Even if some of us are two standard deviations from her instead of three, the difference in the last standard deviation or two is cavernous.  So for starters anyone could rail against a study but it takes a scientist to review as a peer.  A science PhD is not remotely my goal.  Therefore, I don't tend to enter the sandbox with the true hard science academics. 

That said, crappy or sloppy science deserves to be excoriated.  You can pinpoint sloppy about where the talking heads leave the science of the pub itself into blogland, FB, or tweets. 

I fully support anyone wishing to meet the scientific standards.  That may entail a long hard road to attaining the appropriate skill set level.  CM likes me but if I was taking research methods class from her and I wrote alpha was zero instead of approaching zero she'd give me an F without hesitation.

Posted by: gvmom
« on: January 06, 2017, 04:21:11 PM »

I'm all for research and publishing and academic theories, etc.  Great.  Would have loved to stay in university for the rest of my life doing research, surrounded by books, and coming up with all sorts of stuff.

I also am okay with arguing about the merits of a study.  Cause, why not debate that?  There is a lot of stuff "out there" that people debate the merits of.  Religion, politics, social policy, etc.  This happens to be of interested because food allergies is what we live and are interested in, and have a particular bent in our family about what we'd actually like to see researched.  And, given our backgrounds, have ideas about that from a process standpoint as well. 

I'm not really just getting all worked up and wringing my hands over here..... I'm still vacuuming and ignoring the dusting and bathroom cleaning that I'm supposed to be doing.... as usual.

But, the whole issue about the publication being splashed all over is a huge problem.  And, the fact that this study, that I'm okay with being discussed at conferences or other sort of academic speaking type of venues, is now taken to influence some very major players in the mainstream world, that affects non academic people, just trying to live their lives and do what they need to for themselves & their kids, is a problem.

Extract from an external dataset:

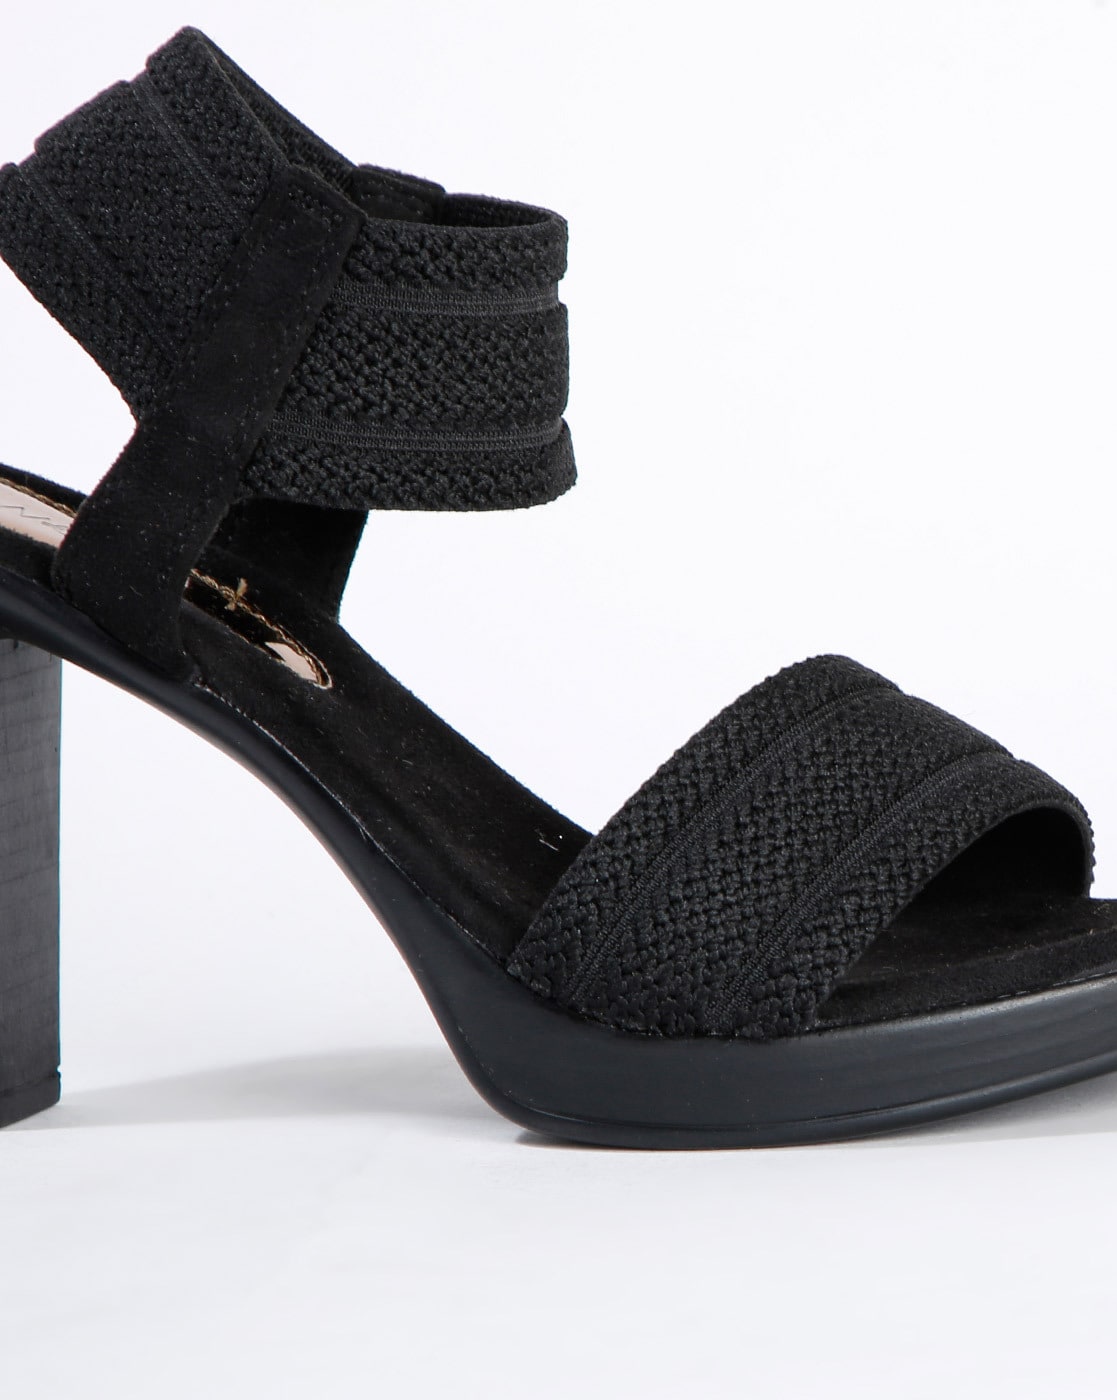 Heels & Wedges | Catwalk Black Block Heels | Freeup-omiya.com.vn

The whole direction so many things have taken in the world today, instant gratification, twitter news, and so on, annoys me.  It doesn't cause me to stop living my life.  You can't unring a bell though. 

It is one thing to talk about it amongst a circle of researchers, who have a different mindset in a way, as they discuss things and think about a study.... it is a whole other thing to take that entire kit and kaboodle and put it on yahoo or huffpo and splash a headline telling people to feed their babies peanuts now. 

And why not question it?  Every last thing about it?  If it has merit, if it is just that groundbreaking, then it can handle the scrutiny. 
Posted by: eragon
« on: January 06, 2017, 04:05:14 PM »

Totally agree MR B!
Posted by: Mr. Barlow
« on: January 06, 2017, 03:19:50 PM »

The study producing guidelines has rigor.  That has merit, and the findings are significant for the defined population.  Evolved guidelines from pulling something out of their rear (strict avoidance just cuz) to informed guidance (control and experimental) across risk groups is a tremendous step in the right direction... perhaps.  Time and more data will tell. 

Generally speaking, gvmom, medical study inference sans clear cause tends to look 'primitive' compared to other disciplines so even if we all here built the perfect study (whatever that may be) the models don't improve across the board in journal publications.

For context CM and I live in the same academic community and both households and social circles have multiple published researchers.  Meaning we're inclined to use our institutional access to come together probing the paper itself rather than proxied interpretations.  The study itself is not problematic, however the hype and presentation of results outside the publication, particularly the social media treatment, is what I'd like to see dialed back.  Promising results!  Good beginning for limited use. 

My personal opinion is that no one should really get their feels too much about it.  Too early.